I thank the Minister for his response to our questions, and I wish him well in his job. Can he confirm that there is no intention to change the original position that the United Kingdom of Great Britain and Northern Ireland will take back control of our seas and our fisheries, enabling our fishing sector to grow and create jobs, and that we, the citizens of this great nation, will be in charge and in control?
I can give the hon. Gentleman that confirmation, but I encourage him to discuss the detail with my colleagues at the Department for Environment, Food and Rural Affairs. If that is not to his satisfaction, I will be happy to talk to him about fishing rights or impact at the same time.
Does my hon. Friend agree that it is the agenda of Members from the Opposition parties to overturn the referendum result, put a stop to Brexit and revoke article 50? Will he confirm that this Government and this Prime Minister will not let that happen?
With great sadness, I can confirm that I fear that some Members on the Opposition Benches and in this House simply do not want to follow the mandate of the British people. They do not want to exit and they will use every trick and turn in the book to frustrate. That is not to say that there are not some genuine concerns, and I recognise those, but she is right: some people, having offered the referendum to the electorate, do not like the result and are trying to interfere and overturn the democratic will of the public.
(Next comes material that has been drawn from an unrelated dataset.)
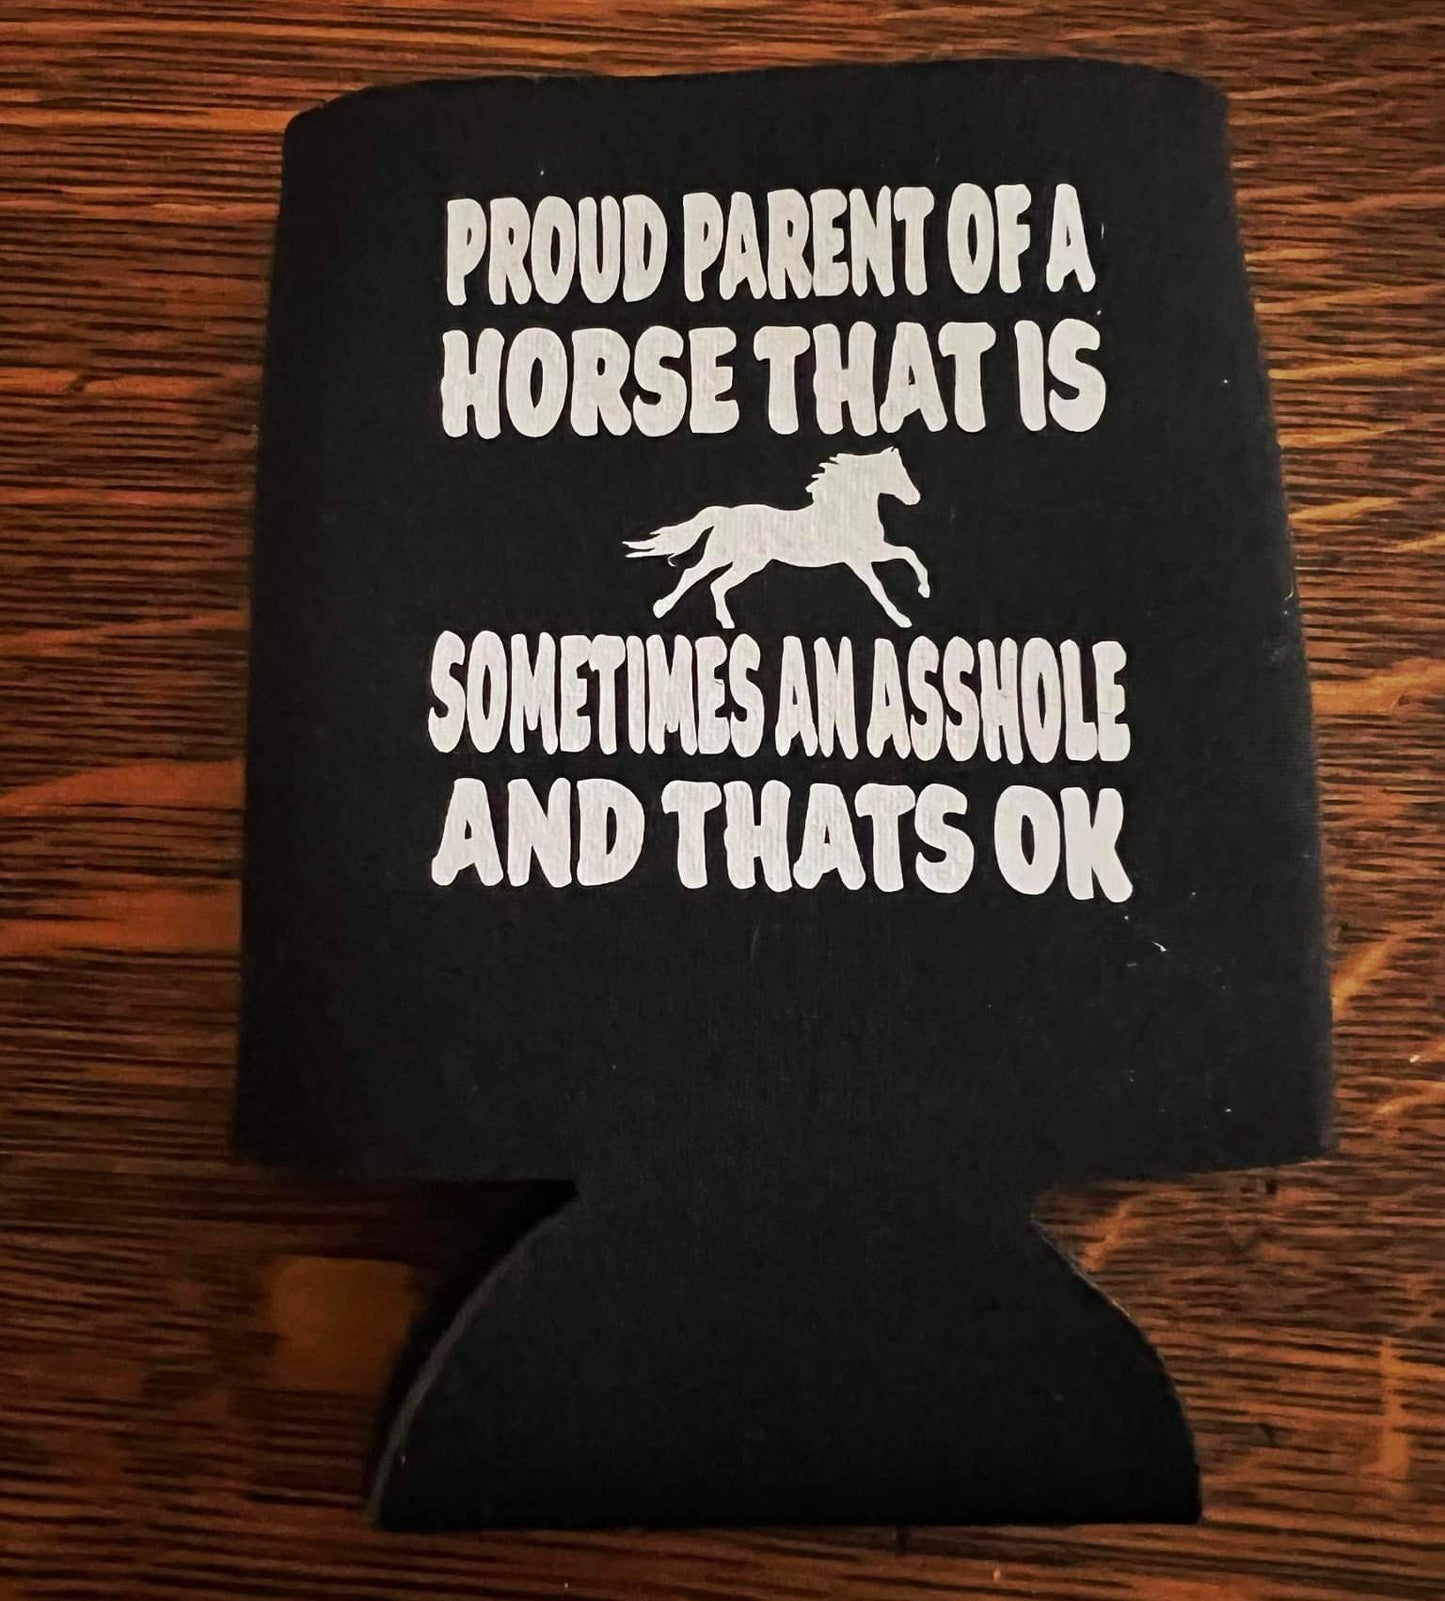 "Proud Parent of a Horse" Etched Glass Mug

Can the Minister confirm whether the full legal text has been shown to the Democratic Unionist party? If it has, why is it reasonable for one party to be able to make an informed judgment about the Government’s proposals while everyone else is kept in the dark?
I am not going to get into the detail of—[Interruption.] Opposition Members who have been Ministers will realise that lots of people see documents, and Ministers do not constantly want to be in the position of saying who has seen what documents, which versions and when. I will not comment on who has seen which documents or indeed on documents that I have seen or have not seen.
I love the way that Opposition parties are implying that if only they could see these documents, they would rush to support the deal. I think the British public are now wise to the way in which Parliament has frustrated the Government’s negotiating position. Would it be possible for the Government to strengthen their negotiating hand by holding a vote on these proposals, in the way that we did on the Brady amendment in January, and show that there is a majority in this place for them?
I think members of the public are getting wise to what is going on: this Government are trying to deliver Brexit and this Parliament, collectively, is trying to frustrate it. She raises the interesting solution of putting this to a vote, and I will discuss that with my ministerial colleagues.
I have already said that I will not comment on which documents I have and have not seen, or which versions I have and have not seen. This is a document that we are negotiating on. It makes sense to look at that document, negotiate on that document and come back to the House with a final document. This House does not want a blow-by-blow account; it wants to deliver a deal.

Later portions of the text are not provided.